You might not be so keen on Brown if you had to work with him. But if you respect this man so much and rate his abilities so highly, of course you will want to get him to the USA to help your country. Please give him a job so wonderful he can't refuse so that he will resign as PM immediately and leave these shores for ever and stay with you in the US as your treasured possession so you can appreciate his astonishing abilities to the full. Please do this very soon. You will do this country a massive service for which we will be eternally grateful. Do not delay. Get a Gordon Brown today.
The Brown Balls Axis of Smevil
[info]zansal wrote:
Friday, 5 June 2009 at 06:02 pm (UTC)
Thats Smeering and Evil = Smevil...

Mr Stealth Tax must go. He has slowly but with much determination and many success stories been squeezing the economic lifeblood from the UK.

Balls is the biggest coward and liar in true Tony Blair style that the present government possess. Brown is only holding on to power to paint the illusion that he will choose his successor i.e. Balls
Foley's folly
[info]aunitemae wrote:
Friday, 5 June 2009 at 08:12 pm (UTC)
The rescue plan was not an original idea by Mr Brown ... it was suggested by bankers.
It was also entirely wrong-headed. What was needed was a plan to let the shareholders of banks pay the cost of the banks' idiocy, while protecting the depositors.

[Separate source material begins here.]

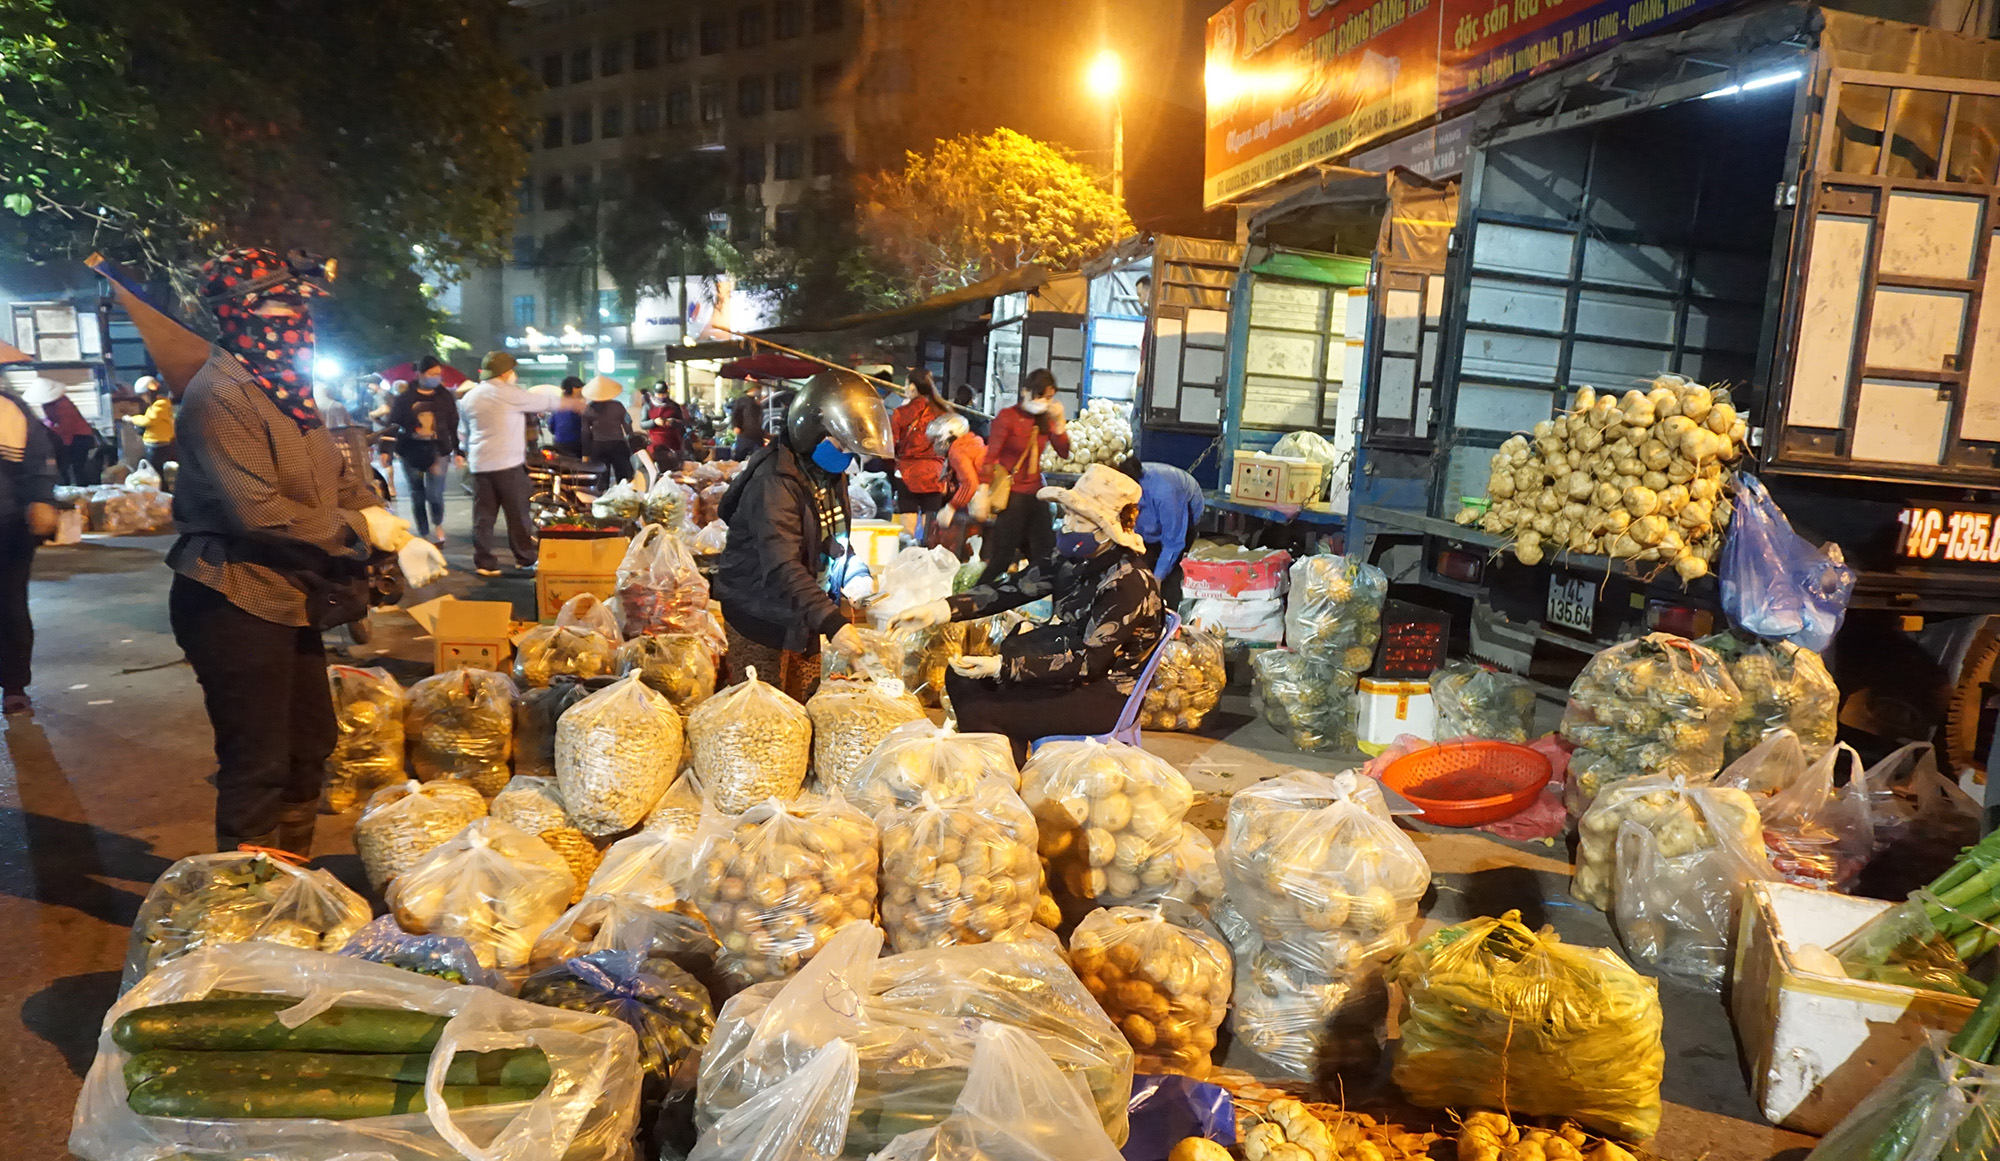 Lượng rau, củ quả trong chợ hết sức phong phú, đa dạng đáp ứng được nhu cầu mua bán của người dân.

Socialist Mr Brown has nationalised the banks, and he's proud of it. But he has lumbered future generations of Brits with immense debt -- unless, of course, he wrecks the Pound to pay off the debt, which he will surely do, making everyone in Britain that much poorer anyway.

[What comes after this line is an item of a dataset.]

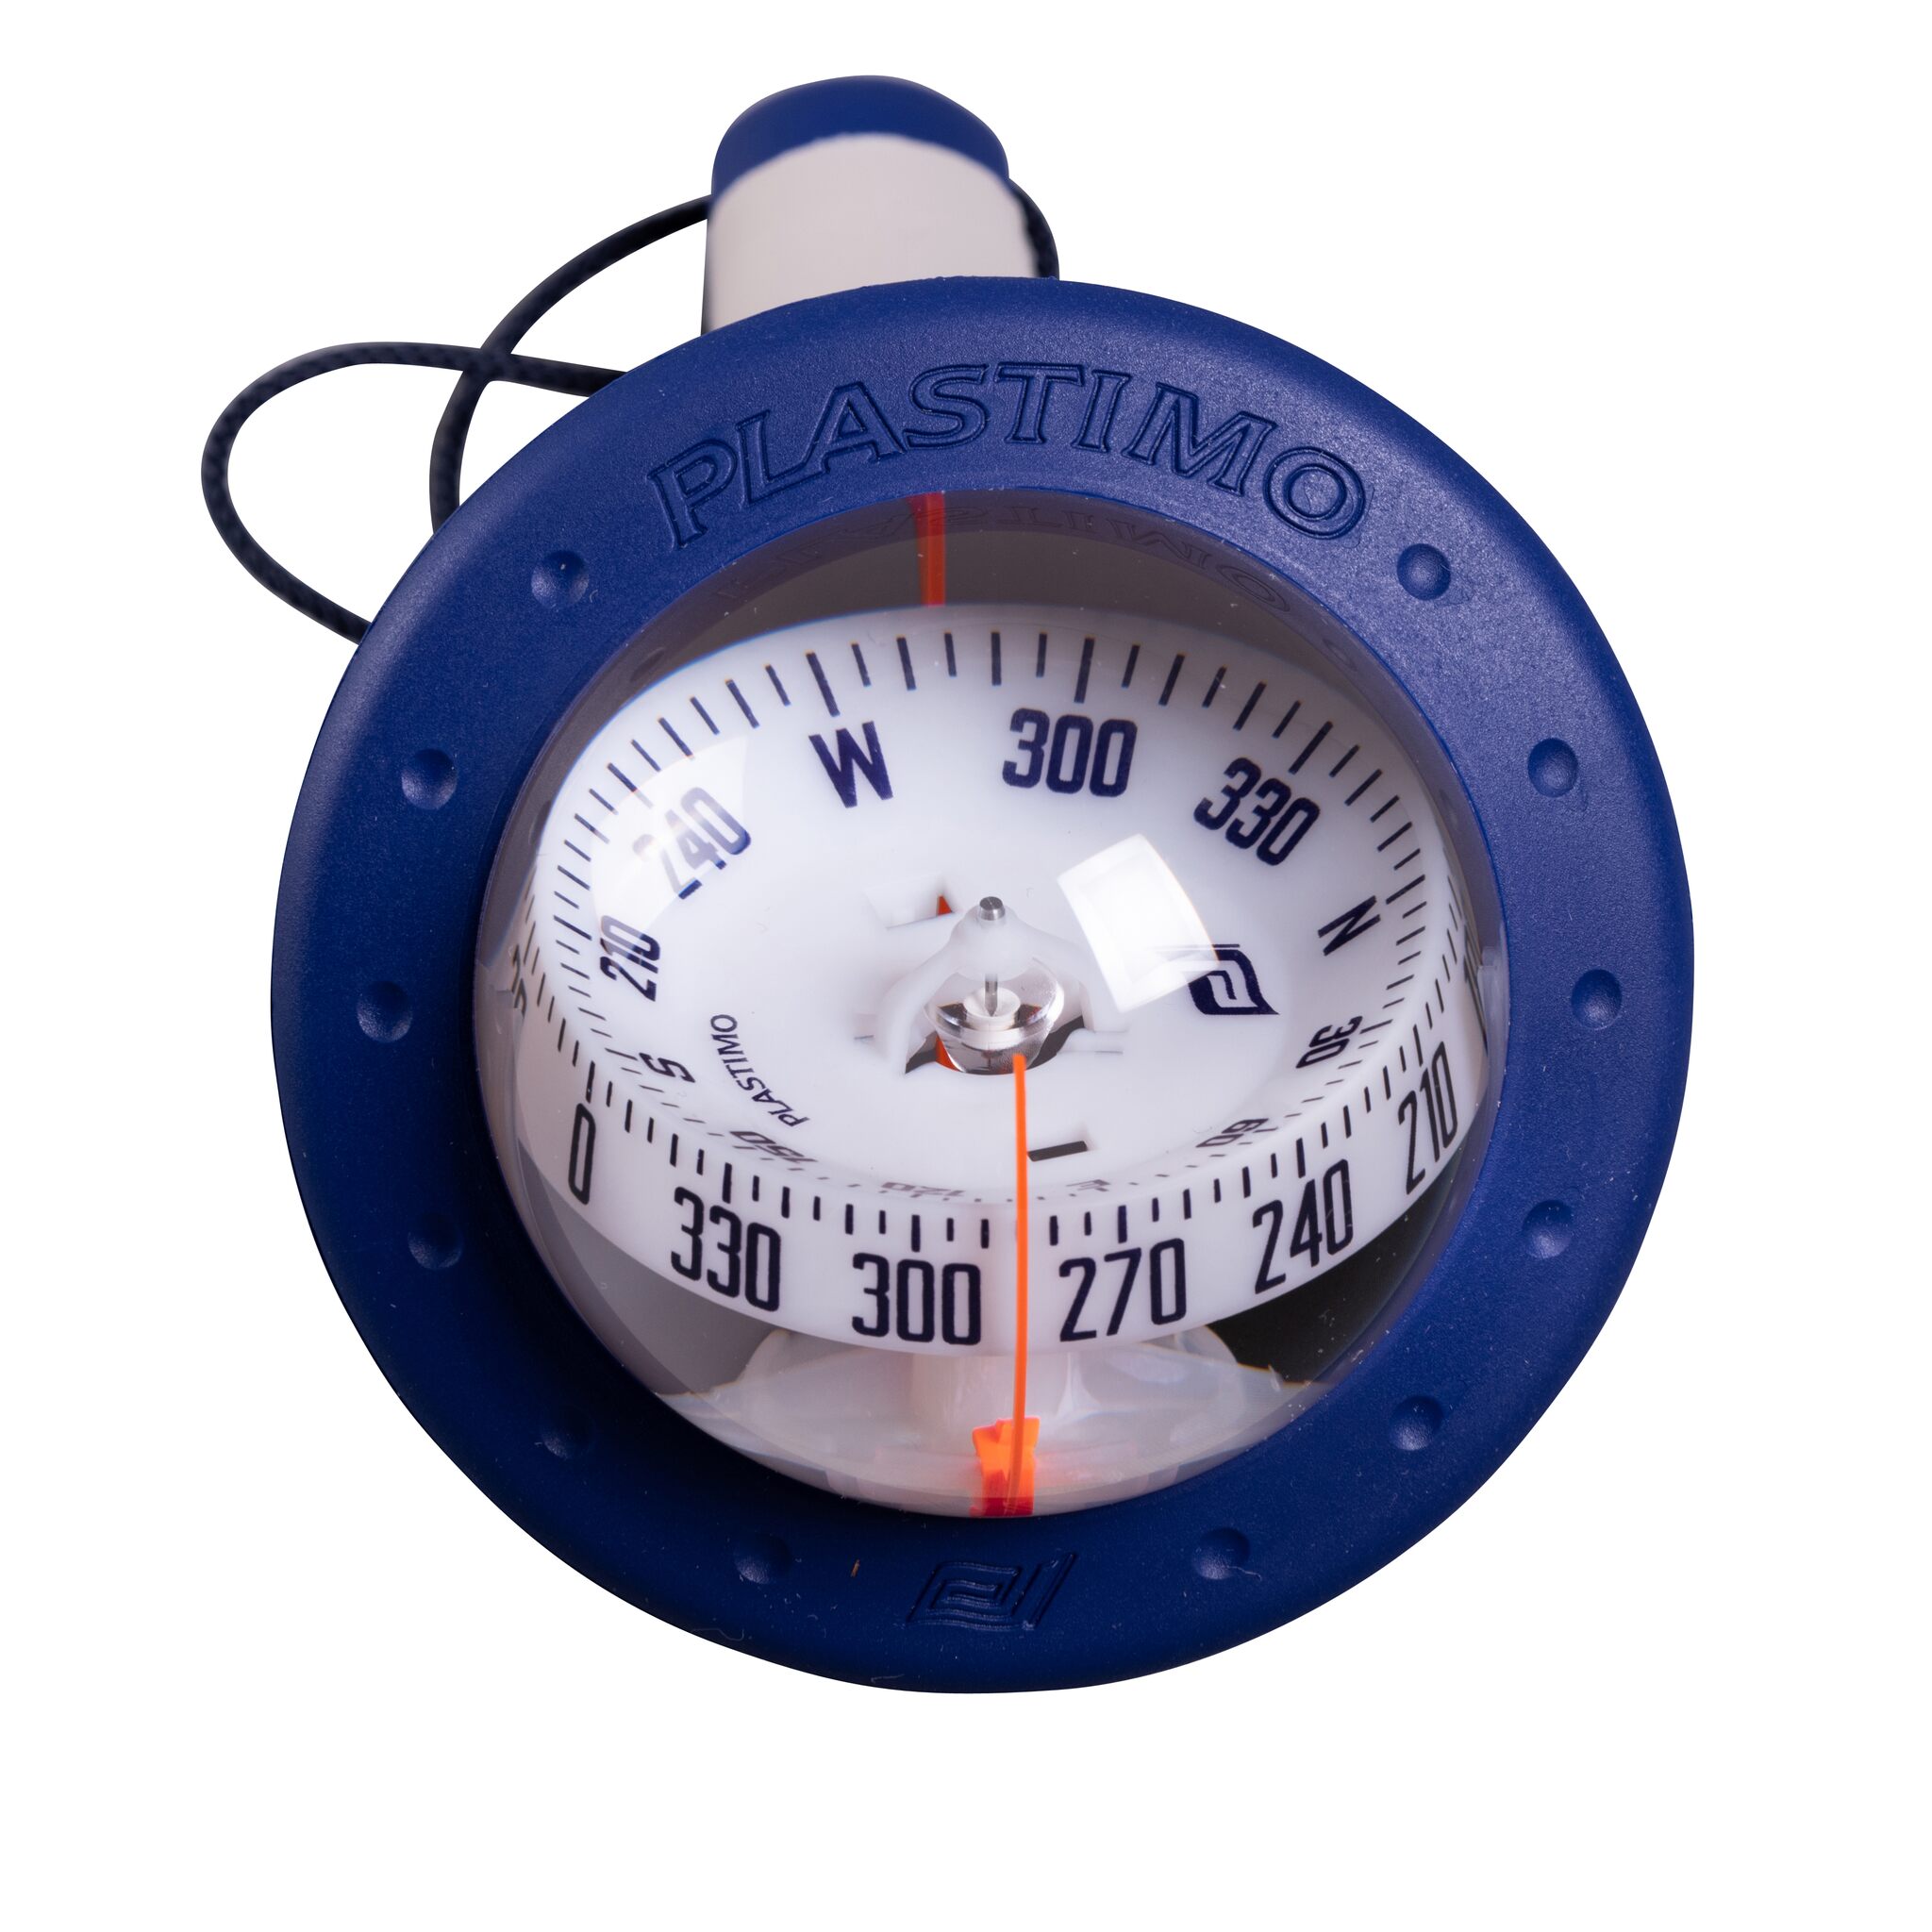 Kompass IRIS 100 in blau mit Beleuchtung

Brown is an economic dolt. Foley, you are nuts. The sooner Britain dumps Brown, the sooner we can really get to grips with the political and enconomic failings of our country.

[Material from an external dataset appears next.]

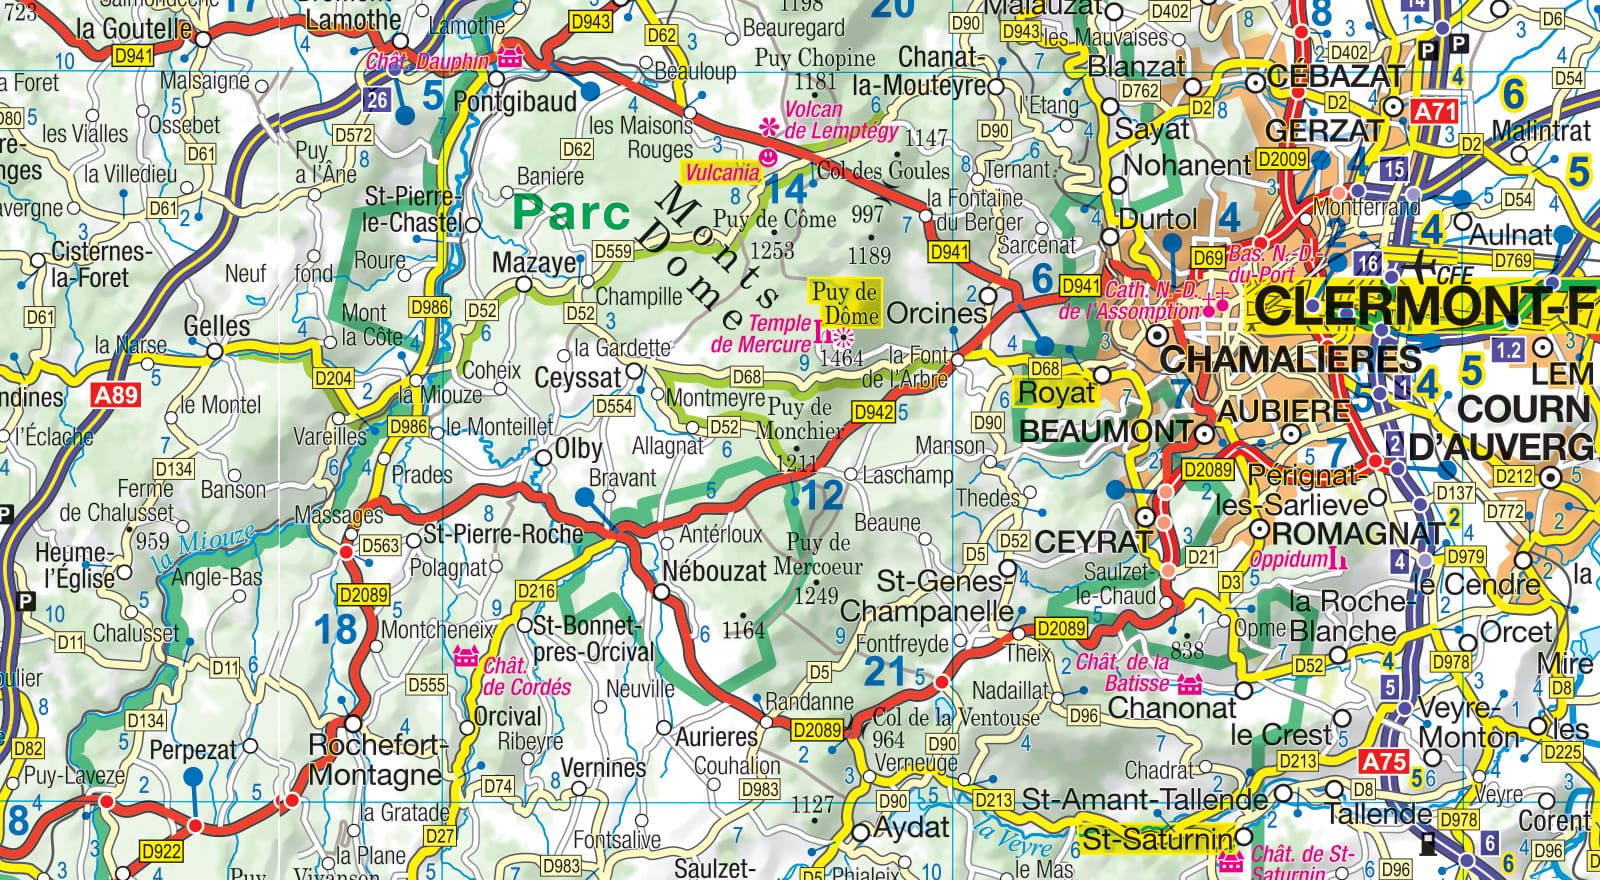 Auvergne-Limousin (Französisches Zentralmassiv) 1:300.000 - MoTourMaps - Motorradkarte

The Dice are cast (Goebells last words).
[info]ron_broxted wrote:
Friday, 5 June 2009 at 10:38 pm (UTC)
The Americans are preparing to disengage from Britain who they now regard as a worse bet than Cuba under Batista or Saigon in '74. In fact once we see helicopters on the roof of Grosvenor Square we know that "les jeux sont fait".
British Dumbing Down
[info]suninbenidorm wrote:
Saturday, 6 June 2009 at 12:13 am (UTC)
So Brown has managed to ruin the country, has he? Who knew he was that powerful? Masterful how he also managed to create a worldwide financial meltdown all by himself in the process! Just wait until I tell all those GM workers that the British PM is at the root of it all. Well, when the seas run out of fish we can all rely upon an endless supply of carp from the UK. If you had grown up during the 3-day week or applied to University when entire departments were being eliminated you would know what a total bunch of twaddle all of this talk is. The perversity of the news is that the status quo is never shiny enough to keep the punter's attention - no matter how rosy things might be. In this contempt for the familiar everyone decided that Blair had to go because of Iraq. Now Brown must go because of a global economic downturn and an expenses scandal where it seems like the most egregious excesses were by well-heeled Tories. Well good luck sending the BNP to Europe and Cameron to Westminster. That will make things so much better! Whether you like it or not the Tories have not had a coherent intellectual basis for how to govern since Thatcher and you will soon find out that glaring omission along with voting against something rather than for something can lead to rather nasty consequences. Of course, the press will lap it up and I'll look forward to checking back in a year from now for some more carp.
Presidental Switching in the US
[info]nick_comenius wrote:
Sunday, 7 June 2009 at 01:12 pm (UTC)
"The US has just ditched a dumb leader for a smart one." Mr. Foley, are you serious ????? The current president of the US has a greater facility for words than his predecessor so that, yes, he may have greater verbal intelligence; however, across the board, his policies show a far greater fecklessness, naivete, and lack of wisdom.